The AUD/USD pair retreats a few pips from over a one-week high touched earlier this Tuesday and trades just below the 0.6700 mark during the first half of the European session, still up over 1% for the day.
The Australian Dollar (AUD) strengthens across the board in reaction to the Reserve Bank of Australia’s (RBA) surprise 25 bps rate hike and hawkish outlook. The Australian central bank indicated that some further tightening of monetary policy might be required to ensure that inflation returns to target in a reasonable timeframe. This, in turn, prompts an aggressive short-covering rally around the AUD/USD pair, though the momentum loses steam near the 0.6715 area.
The US Dollar (USD) reverses an intraday dip. It holds steady near a two-week high set earlier this Tuesday amid expectations for additional 25 bps lift-off at the end of Wednesday’s two-day FOMC monetary policy meeting. The bets were reaffirmed by the US ISM PMI report released on Monday, which showed that business activity in the manufacturing sector pulled off a three-year low in April and that there was a build-up of inflation pressures last month.

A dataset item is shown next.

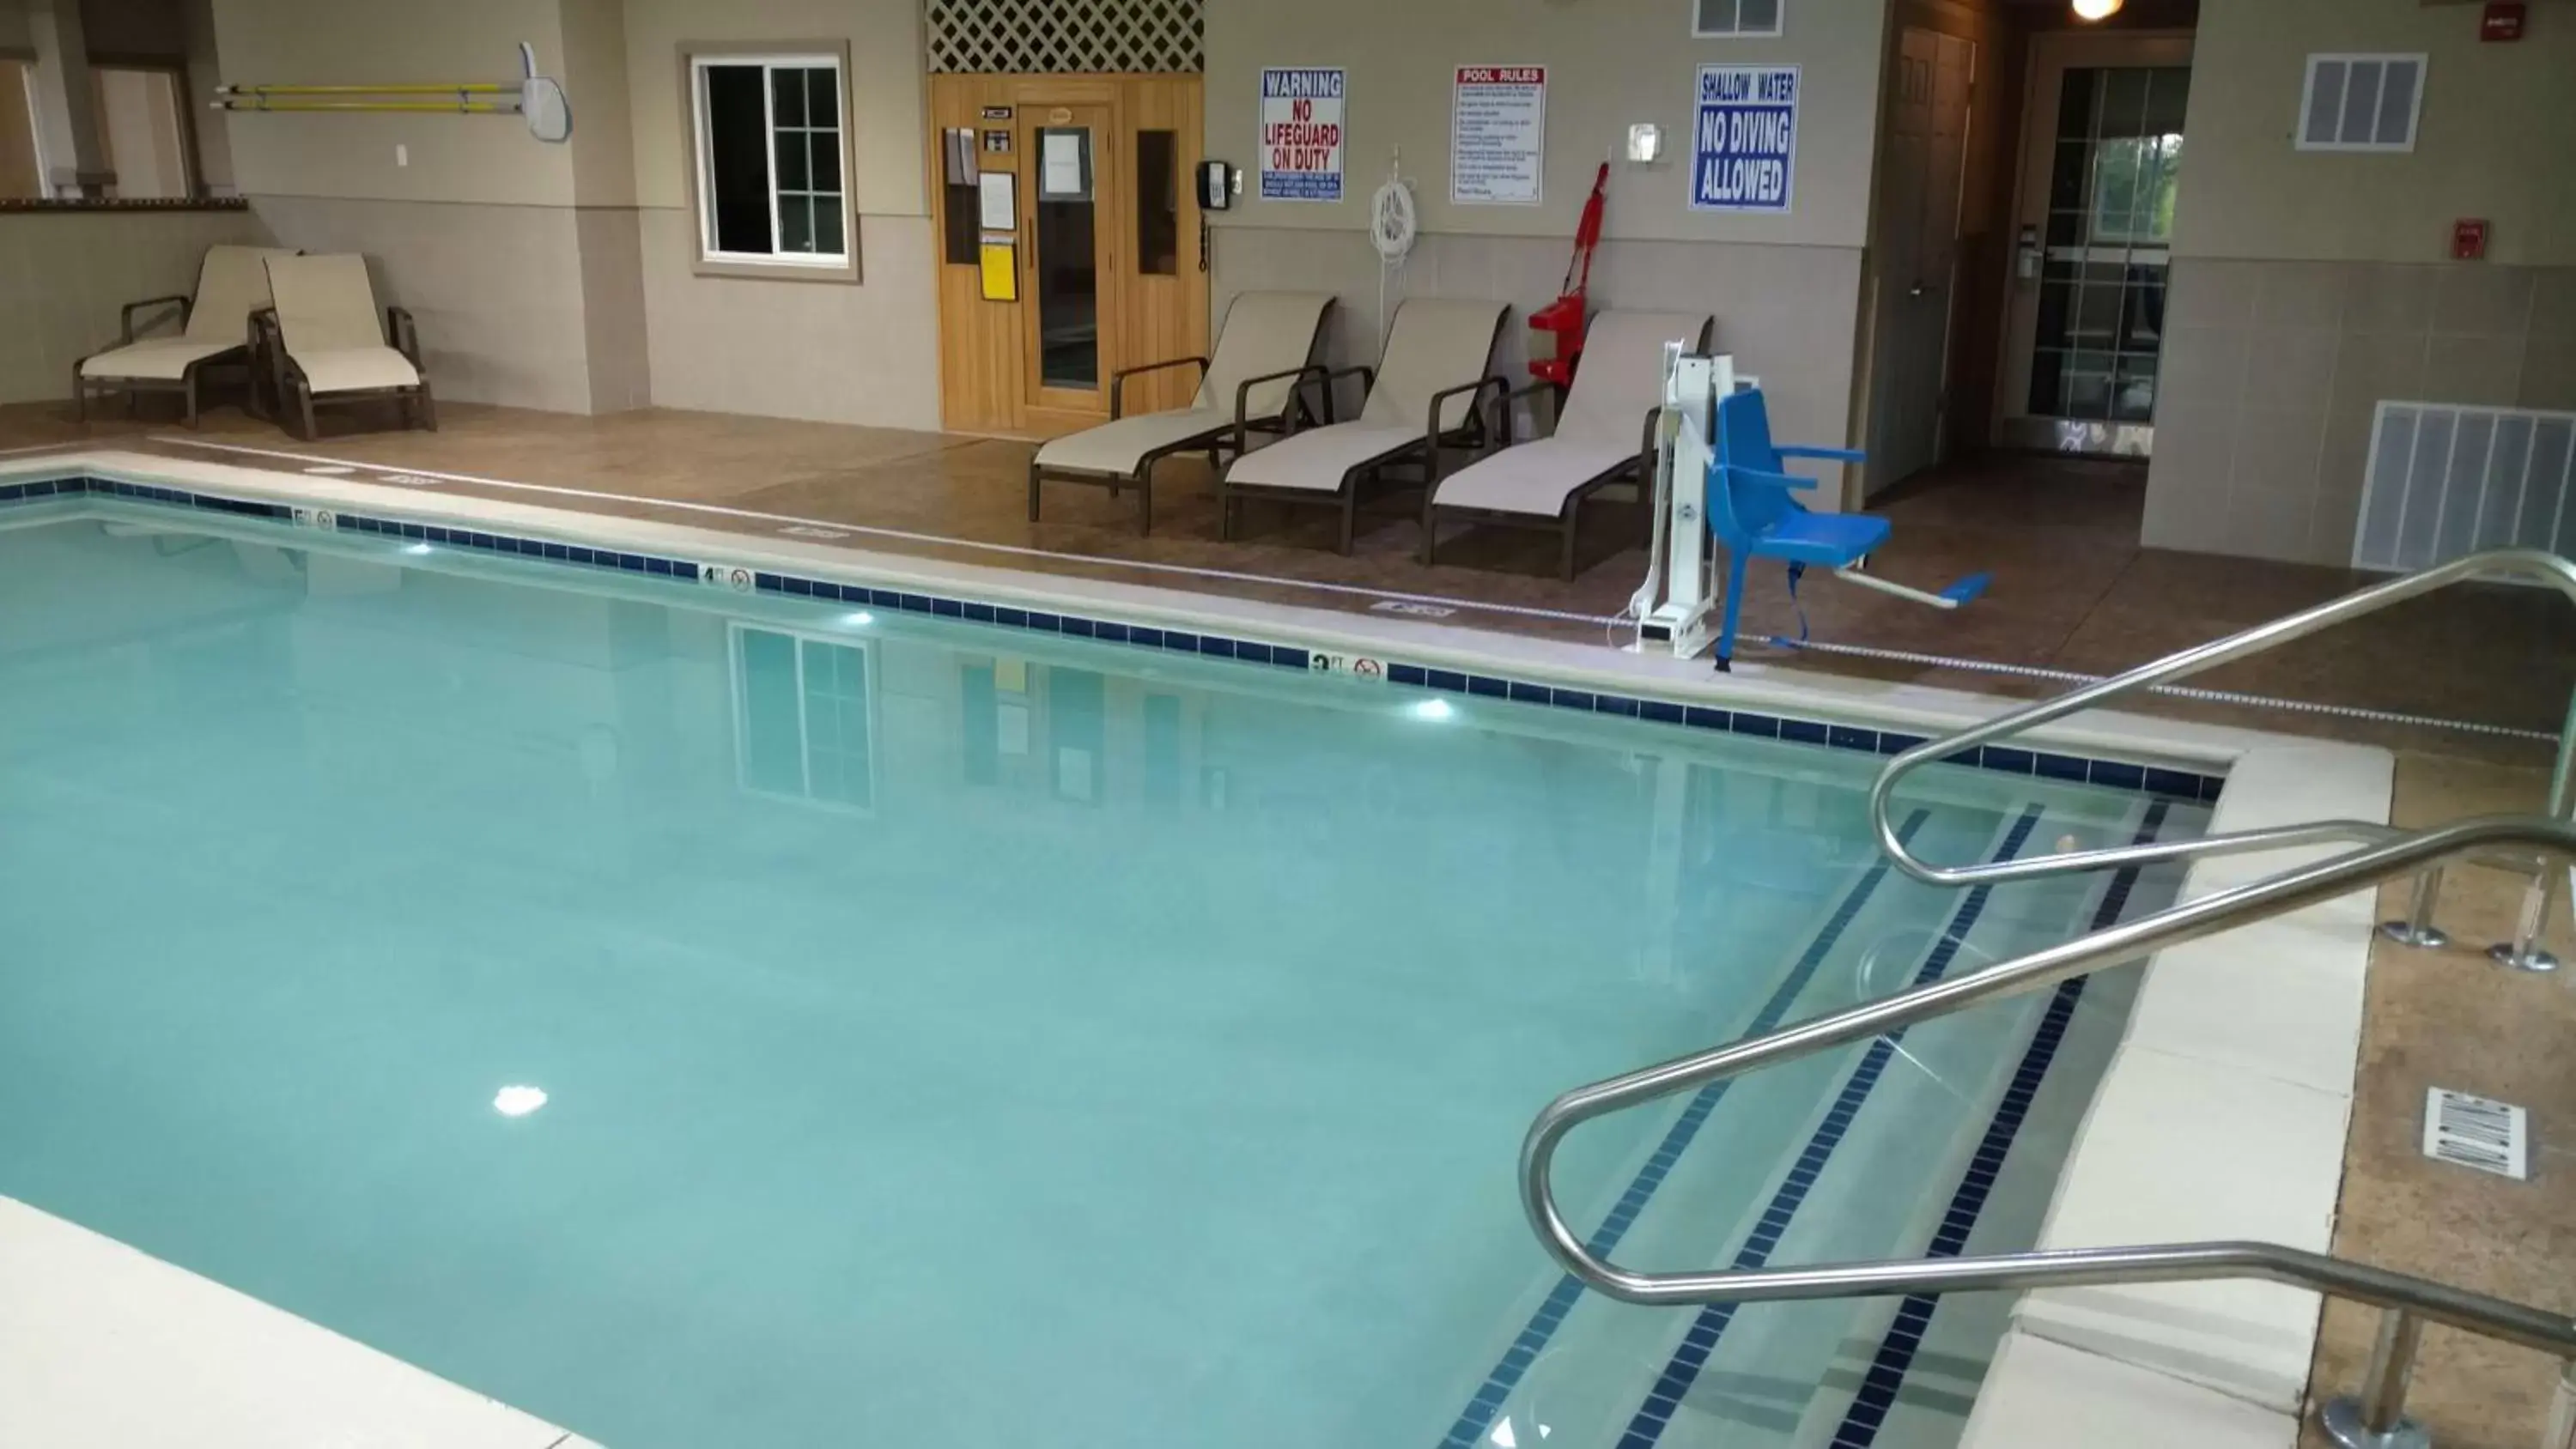 On site, Swimming Pool in Best Western Plus Crawfordsville Hotel
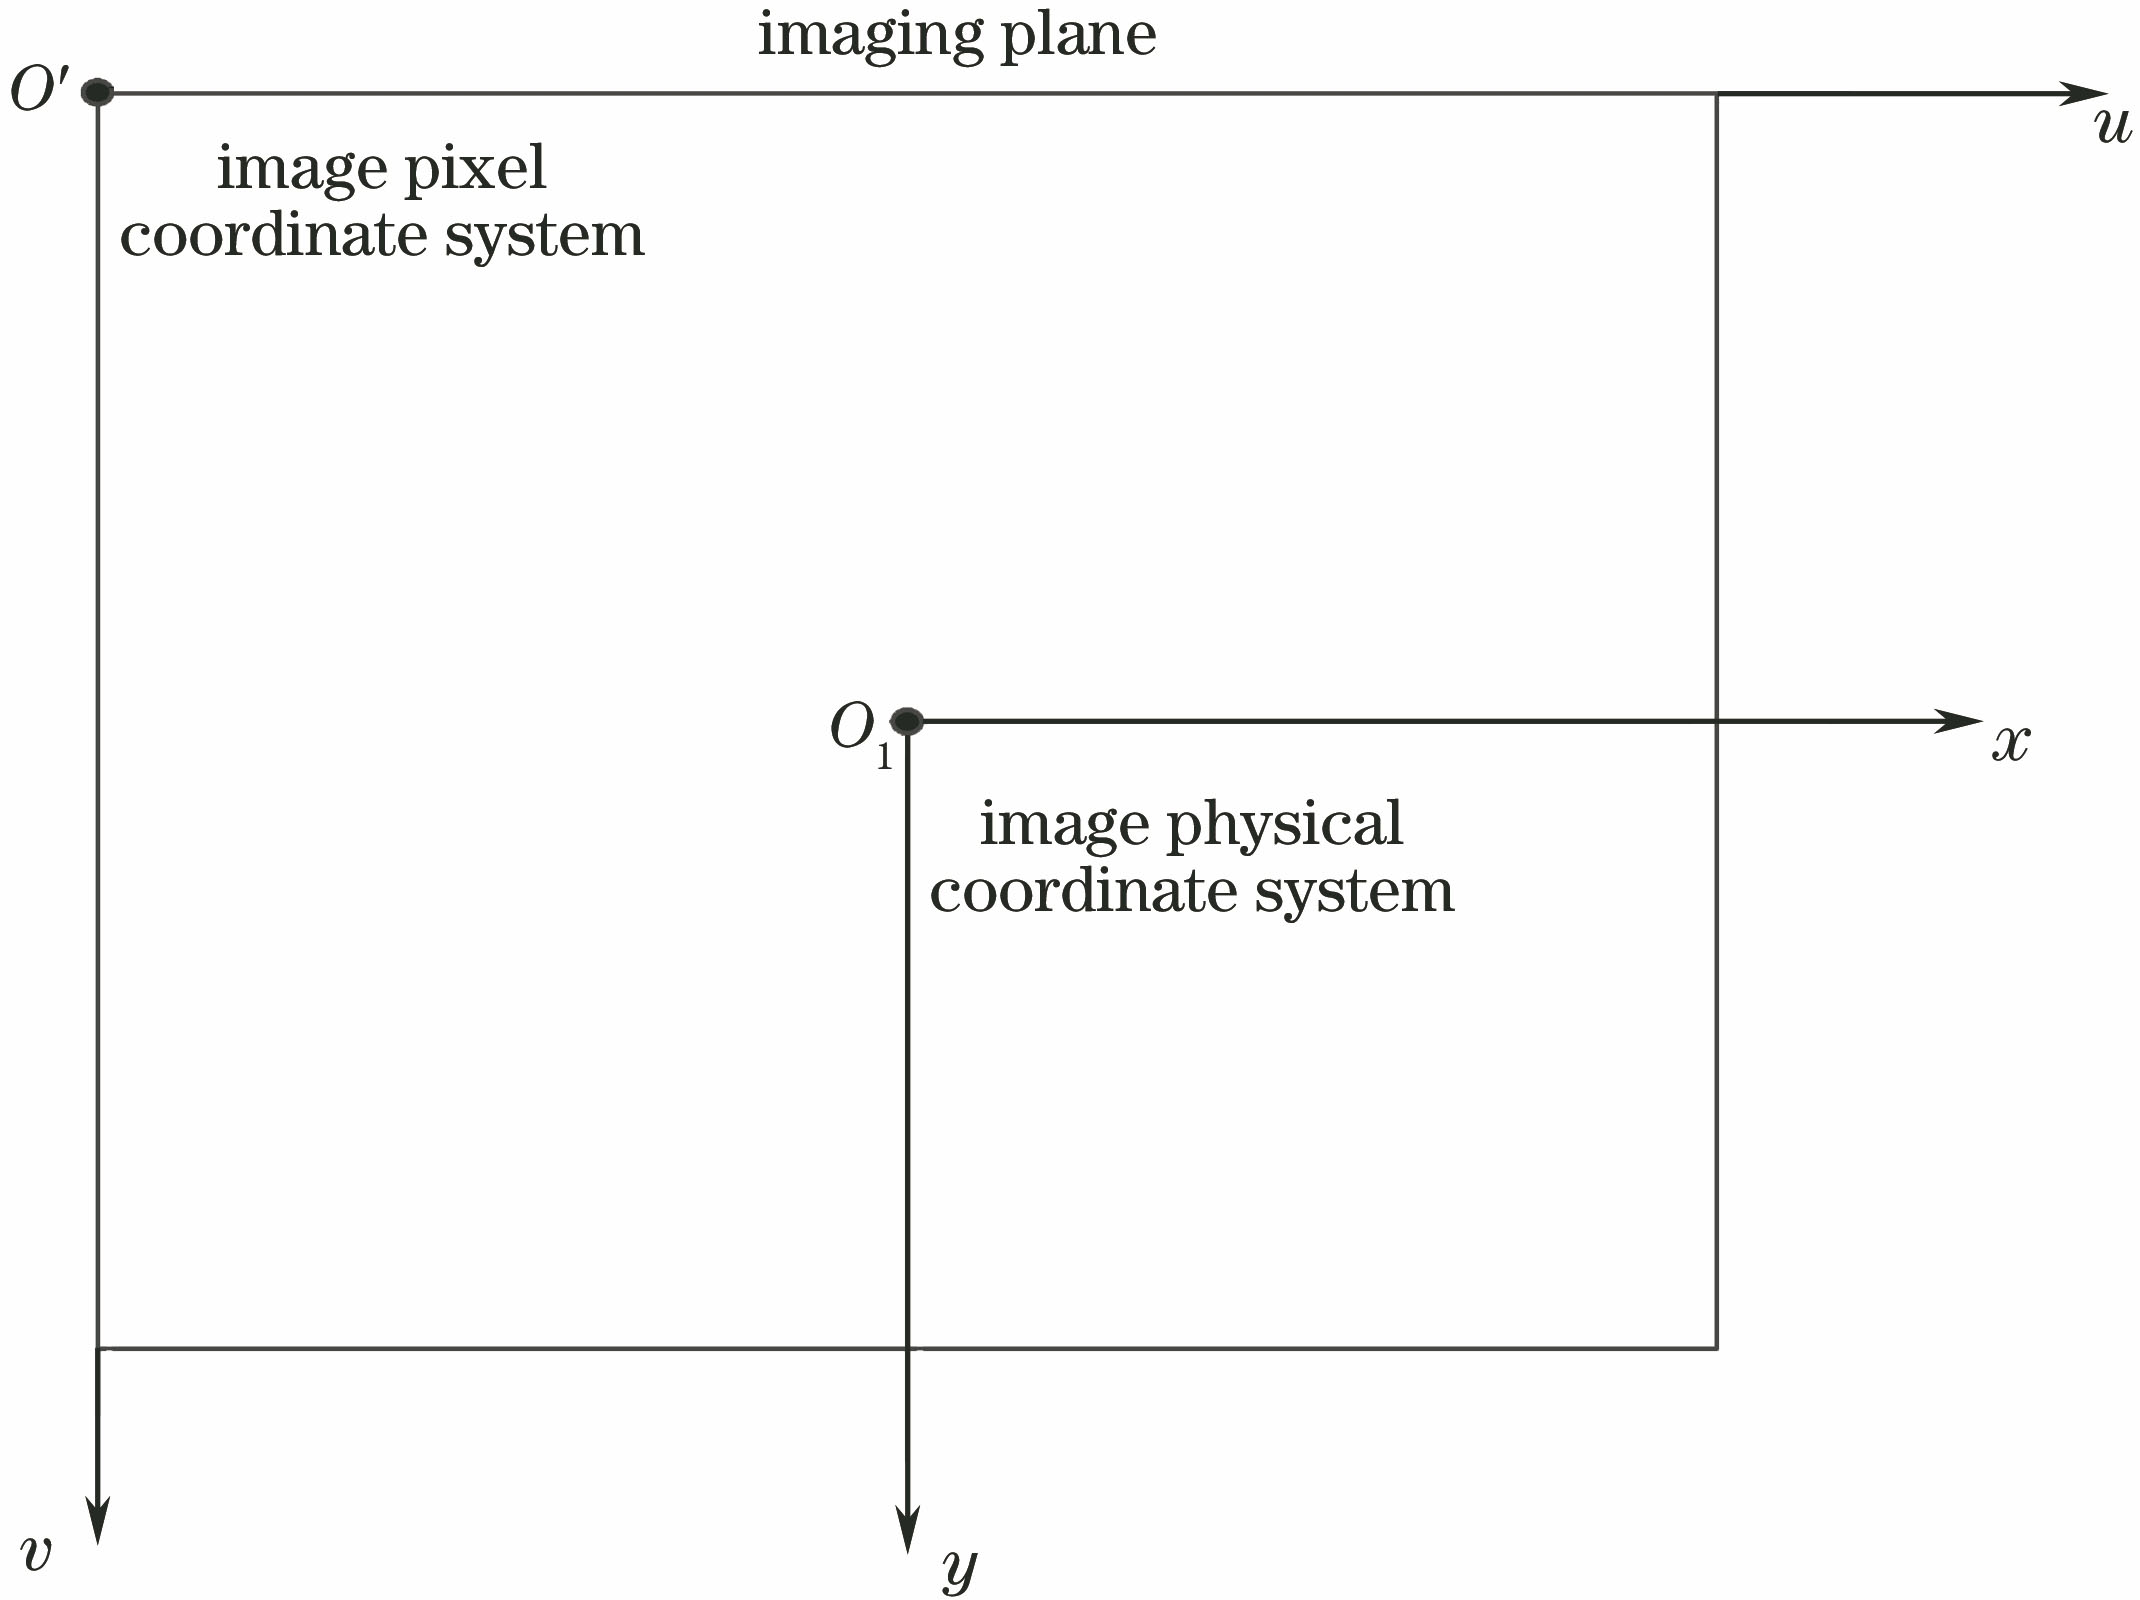 Image pixel coordinate system

Meanwhile, the prospects for further policy tightening by the Federal Reserve (Fed) add to worries about economic headwinds stemming from rising borrowing costs. This, in turn, tempers investors’ appetite for riskier assets, which is evident from a softer tone around the equity markets. The anti-risk flow benefits the Greenback’s relative safe-haven status and keeps a lid on any further gains for the AUD/USD pair, at least for now.
The markets, however, now expect that the US central bank will signal a pause in its rate-hiking cycle beyond May. This might hold back the USD bulls from placing aggressive bets and continue to act as a tailwind for the AUD/USD pair ahead of the highly-anticipated FOMC decision, scheduled to be announced on Wednesday. In the meantime, traders on Tuesday will take cues from the release of the US JOLTS Job Openings data, due later during the early North American session.